Dorrie Evans, the scatty and interfering self-appointed concierge at 96 Lindsay Street, Paddington, was the absolute queen of malapropism on the series Number 96.
Proving extremely popular with the viewing audience, the wit and wisdom of Dorrie (played by Pat McDonald) crept into the Australian idiom during the 1970s.
Suddenly it was the “eppytome” of cool to say “ardamant” when you meant “adamant”, “irrevelant” when you meant “irrelevant” and “miraculate” for “miraculous”. And “It’s a well-known fact” began to preface sentences uttered by thousands of Number 96 viewers.
The man behind the sayings was script editor Johnny Whyte who developed around 40 emasculated words and phrases but limited their use to about three per episode.
Here is a selection of some of the choicest of the Dorrie Evans verbal gems:
- It’s irrevelant.
- It was bony fido, I tell you.
- It’s an affectionate disease.
- It’s a well-known fact, Herbert.
- I have always found Americans very laxative in that effect.
- I’ve got a terrible migrant headache.
- Don’t be so fascetial.
- Anyone would think I’m a tulip bulb by the way you keep me in the dark.

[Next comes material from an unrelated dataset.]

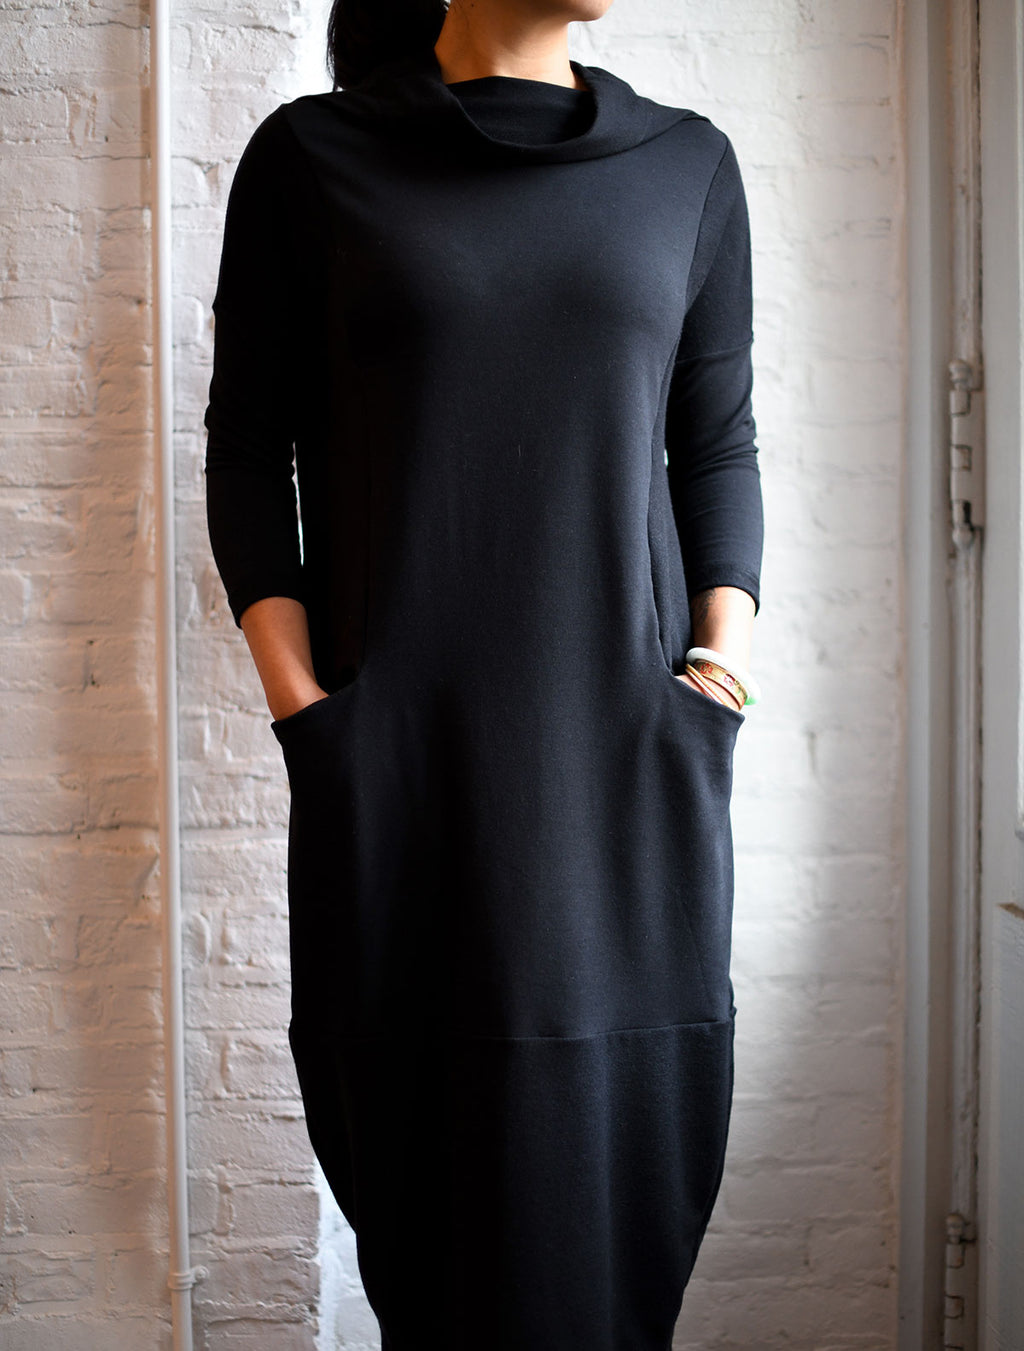 Front view of woman modeling the black funnel neckline cocoon dress with pockets

- As consurge of this building I should have been told.
- I nearly went beresk.
- I’m at the point of having a cerebral haemorrhoid.
- Pardon me for protruding.
- I prefer to remain ambiguous.
- He is a health fantastic.
- I am not going to have you sick in bed for a week full of microscopic orgasms.
- Life is not always a bowl of cherubs.
- For the last and final time.
- The prices were exuberant.
- Don’t rub salt into the womb.
- I am alleged to believe . . .
- They’re living in perfect harmonium.
- We bought a bottle of muskrat.
- It’s a fragment of your imagination.
- It was miraculate.
- I am quite ardamant about that.
- They are enjoying intimate carnival relations.
- That’s all my eye and Mary Martin.
- Be that as it may.
- Why wasn’t I told?
Pat McDonald died at the Royal North Shore Hospital in Sydney on 10 March 1990 after a lengthy fight with cancer of the pancreas. She was 68.